It’s not uncommon for someone to discover psychology and feel an immediate pull. For me, though, it wasn’t just interest, it was validation. I vividly remember my first psychology class. What began as curiosity quickly became something deeper. I was reading through chapters and suddenly realized – this is me. I was learning the names of experiences I’d quietly carried (anxiety, depression) for the first time, they didn’t feel so daunting. There were definitions, explanations and more importantly, gave me hope.
At the time, structure helped keep my anxiety at a constant low hum. I had a plan, and I wasn’t about to deviate from it. Change was not in the itinerary. However, beneath the anxiety was a quieter voice, one that knew what I truly needed—a voice that reminded me of the impact my first counselor had on me.
I still remember the moment she looked at me and said I was a good student and a good kid. Such simple words but they reframed how I saw myself. She gently challenged the way I spoke to myself and opened a space for a different story to take root. That relationship changed me, and it planted a seed that eventually grew into a calling.
My own counseling journey taught me how to tune in, listen, and care for myself in ways I never learned at home or in school. It helped me understand the importance of making space for pain, for healing, for self-understanding.
Another deep motivation for me came from loss. When I was in middle school, my aunt died by suicide. That grief stayed with me, shaping the way I think about mental health in families, in silence, and in the spaces where we so often feel alone. I’ve carried her with me in this work ever since. In many ways, I became a counselor with her in mind. I wanted to be someone my loved ones and my clients could turn to when they needed understanding and a safe place to land.
When I finally gave myself permission to change my major to psychology, it felt like a weight had been lifted.
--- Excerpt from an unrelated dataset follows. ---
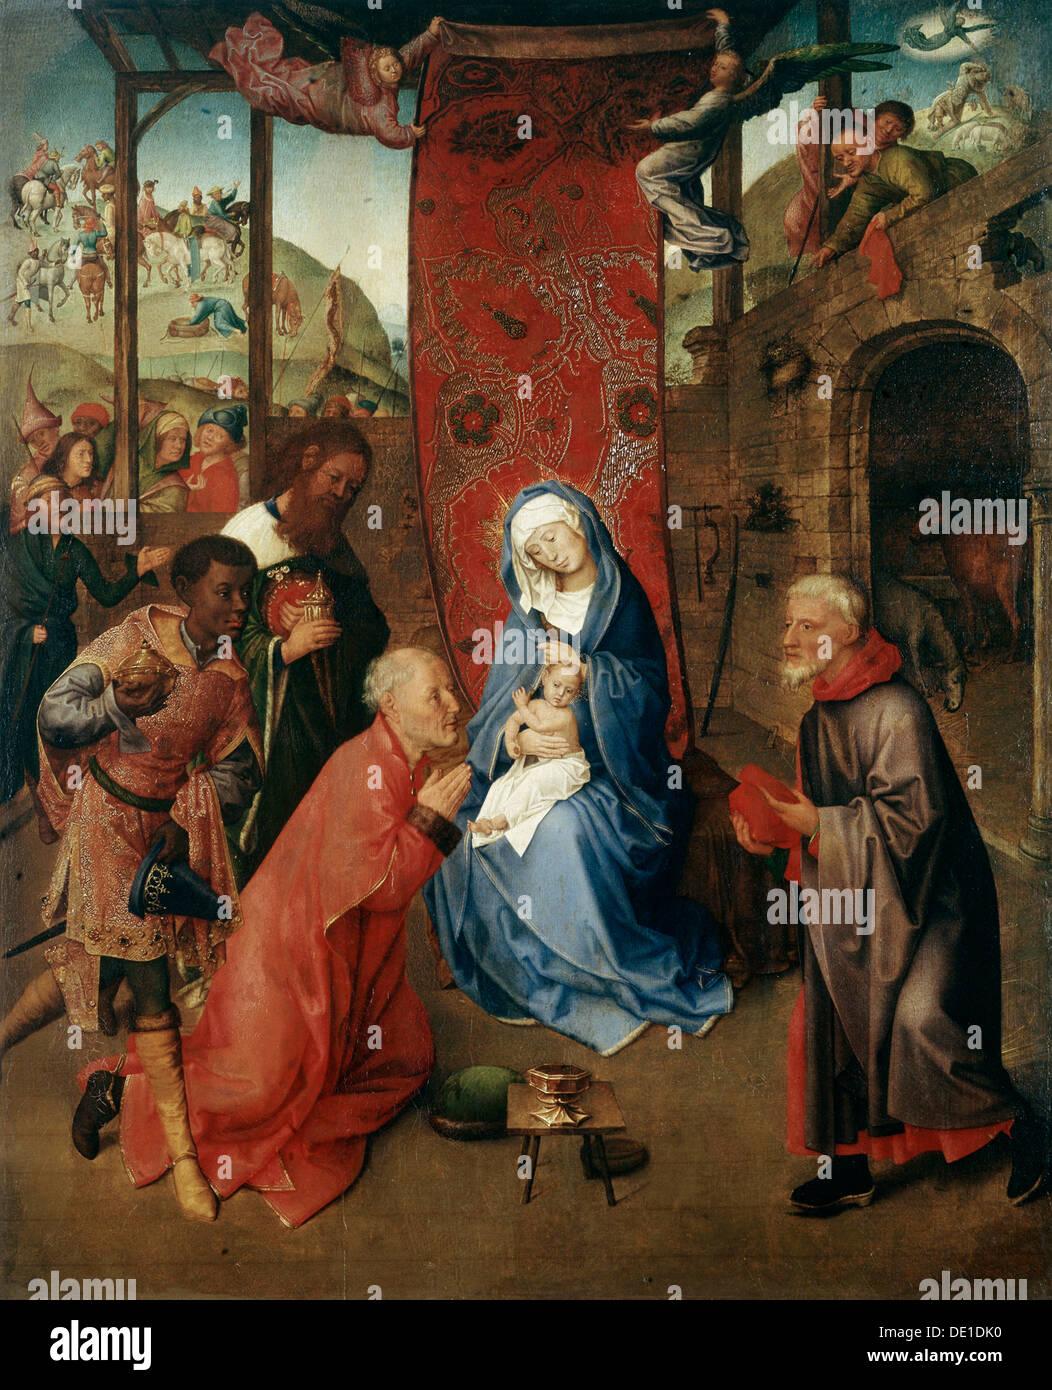 The Adoration Of The Magi 15th Century Artist Hugo

For the first time, I was on the right path. I knew I wanted to make a difference, even if I didn’t know exactly how yet. That clarity only deepened when I entered graduate school and found myself surrounded by a diverse cohort of passionate, thoughtful, and open-minded future counselors. It was another sign that I was exactly where I was meant to be.
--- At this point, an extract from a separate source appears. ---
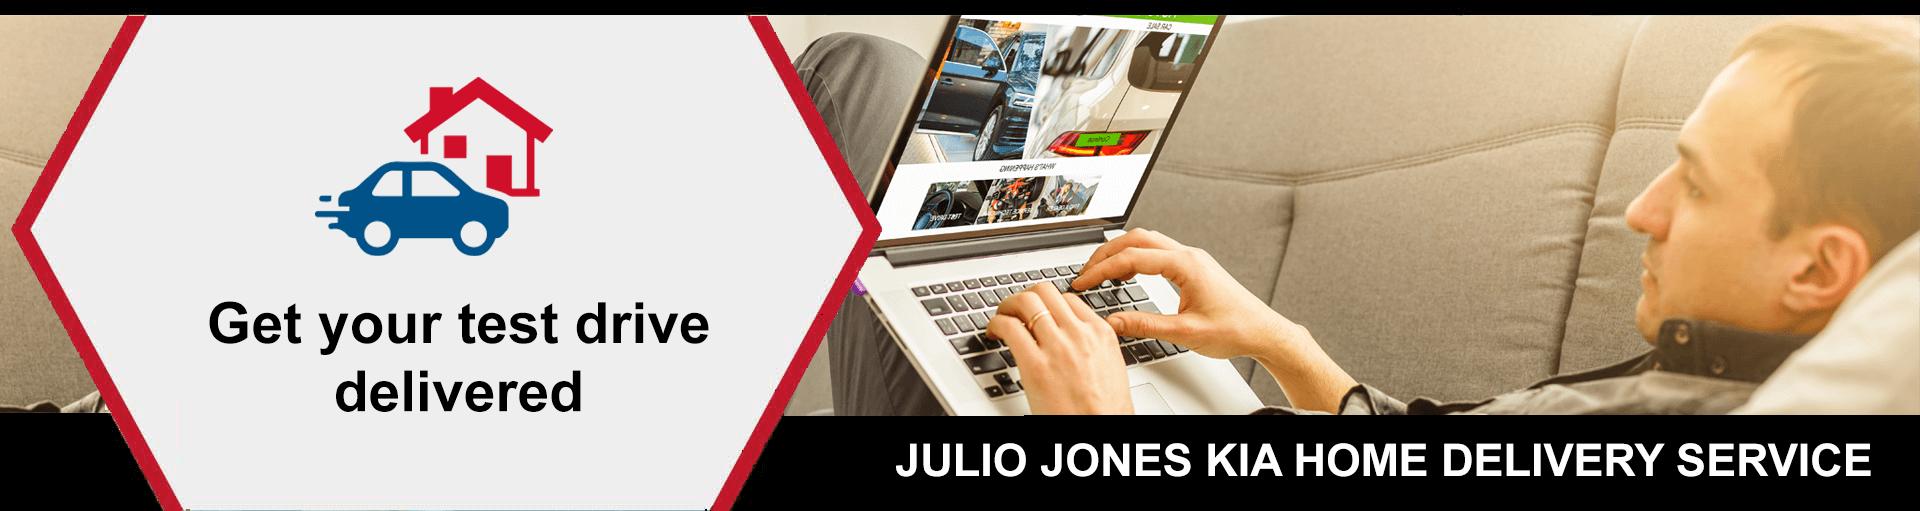 Julio Jones Kia Home Delivery

The Words That Stay with Me
One of the most influential books I’ve read is “My Stroke of Insight,” by Dr. Jill Bolte Taylor. In it, she describes the stroke she experienced as a brain scientist and what it taught her about how our minds and emotions are shaped by the parts of our brain. One moment in the book that has stayed with me and now hangs on the wall of my office is when she quotes Socrates:
“The unexamined life is not worth living.”
She then adds,
“I don’t have to think thoughts that bring me pain.”
That concept of observing our thoughts, challenging them, and choosing compassion over judgement is at the heart of so much of the work I do with clients. It’s an elegant expression of what we often explore through cognitive behavioral therapy—that while we can’t always control what happens to us, we can examine the stories we tell ourselves and reshape them in ways that serve our healing.